CIA Best Practices in Counterinsurgency, Wikileaks
The document contains bullet points about the best practices in capturing or killing people, including discussion of which is better.
The report is pessimistic about the effectiveness of the CIA program of killing high value targets in Afghanistan, where the high value targets are usually killed.
A CIA report in 2009 found that "high-value targeting" had limited utility in beating back the Taliban in Afghanistan, ahead of an increase in drone strikes against the group.
The internal agency report, released without official permission Thursday by WikiLeaks, analyzed the targeting of insurgent group leaders for capture or assassination by U.S. and other governments in various armed conflicts.

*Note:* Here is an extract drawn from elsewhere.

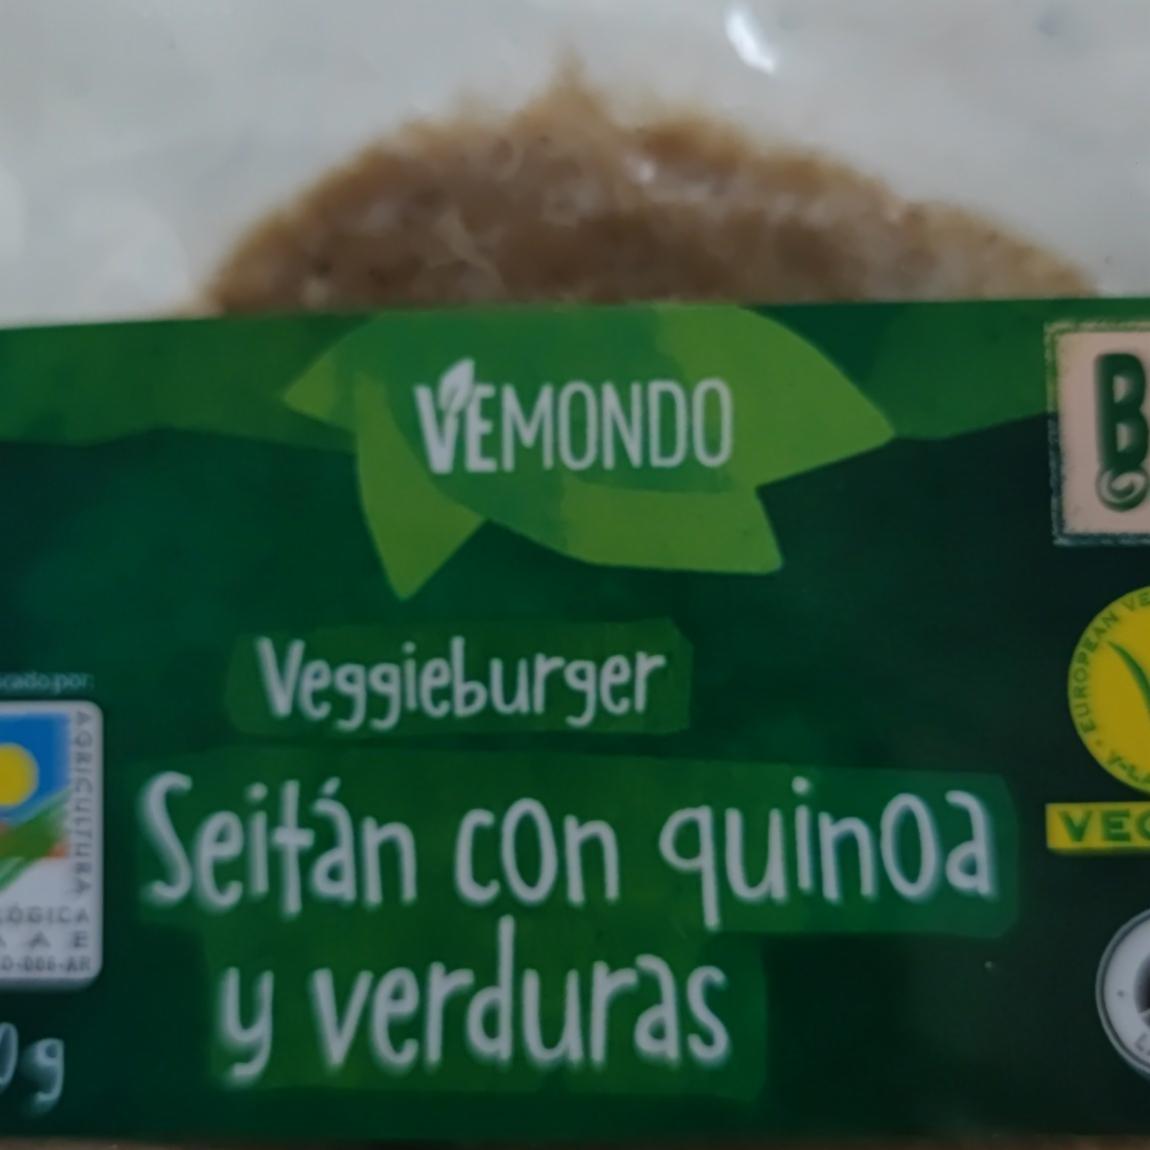 Fotografie - Veggieburger Seitán con quinoa y verduras Vemondo

In Afghanistan, where the report said targeting emphasizes lethal attacks, government corruption, “endemic lawlessness” and the “egalitarian Pashtun structures” associated with the Taliban hindered the effectiveness of efforts, the report found.

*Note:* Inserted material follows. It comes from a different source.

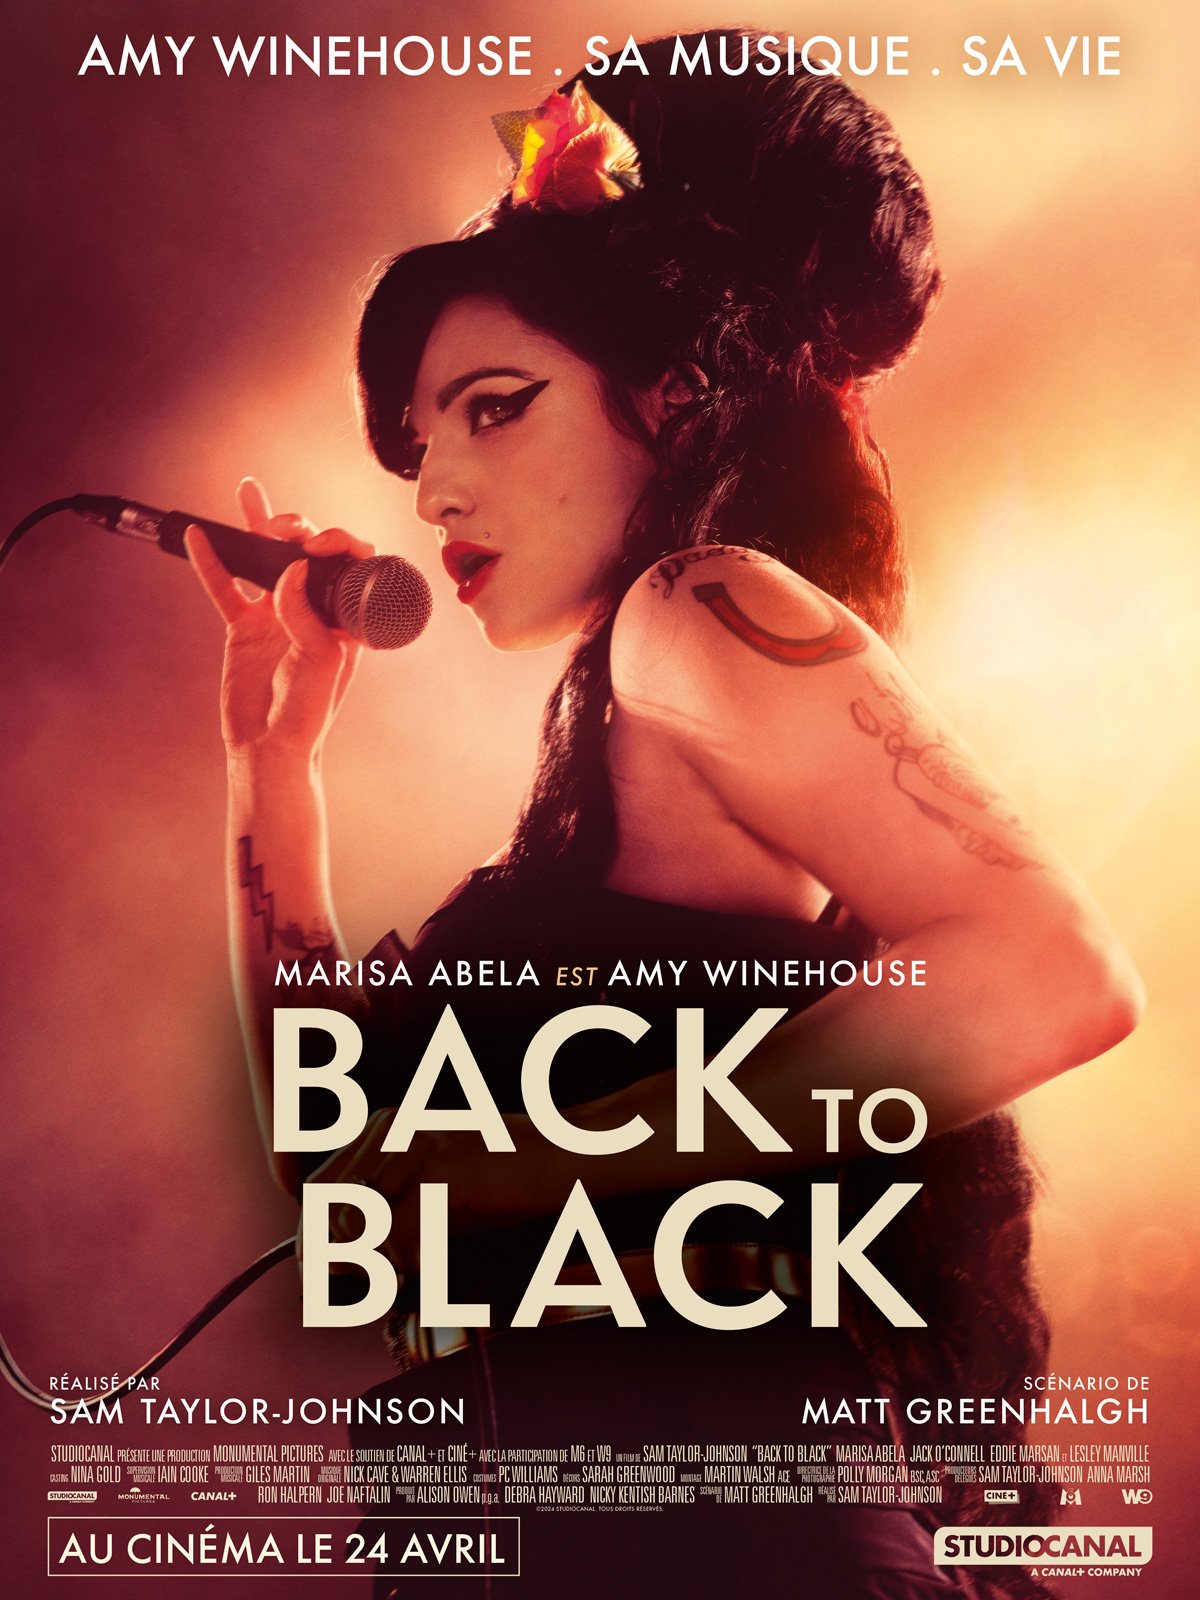 Back to Black retrace la vie et la musique d'Amy Winehouse, à travers la création de l'un des albums les plus iconiques de notre temps, inspiré par son histoire d’amour passionnée et tourmentée avec Blake Fielder-Civil.

“Senior Taliban leaders’ use of sanctuary in Pakistan has also complicated the [targeting] effort,” says the report, written by the CIA’s Office of Transnational Issues.
WikiLeaks Releases Downbeat CIA Appraisal of Strikes in Afghanistan, U.S. News and World Report
The CIA analysis released Thursday provides a new snapshot into the intelligence the White House and Pentagon were working with at the time. It acknowledges that “high-value targeting” had been conducted against the Taliban only on an intermittent basis at that point, with limited effect. Counterinsurgency operations conducted against the Taliban to that point had moderate effect, according to the report.
CIA analysis: ‘high-value targeting’ had limited effect against Taliban, Washington Post
Bloomberg has a report on Afghans who had become millionaires from U.S. contracting.
We are driving to the Nawa district, just 30 minutes outside Lashkar Gah, the capital of Helmand province in the southwest corner of Afghanistan. Matie is going to show us how he first became a millionaire.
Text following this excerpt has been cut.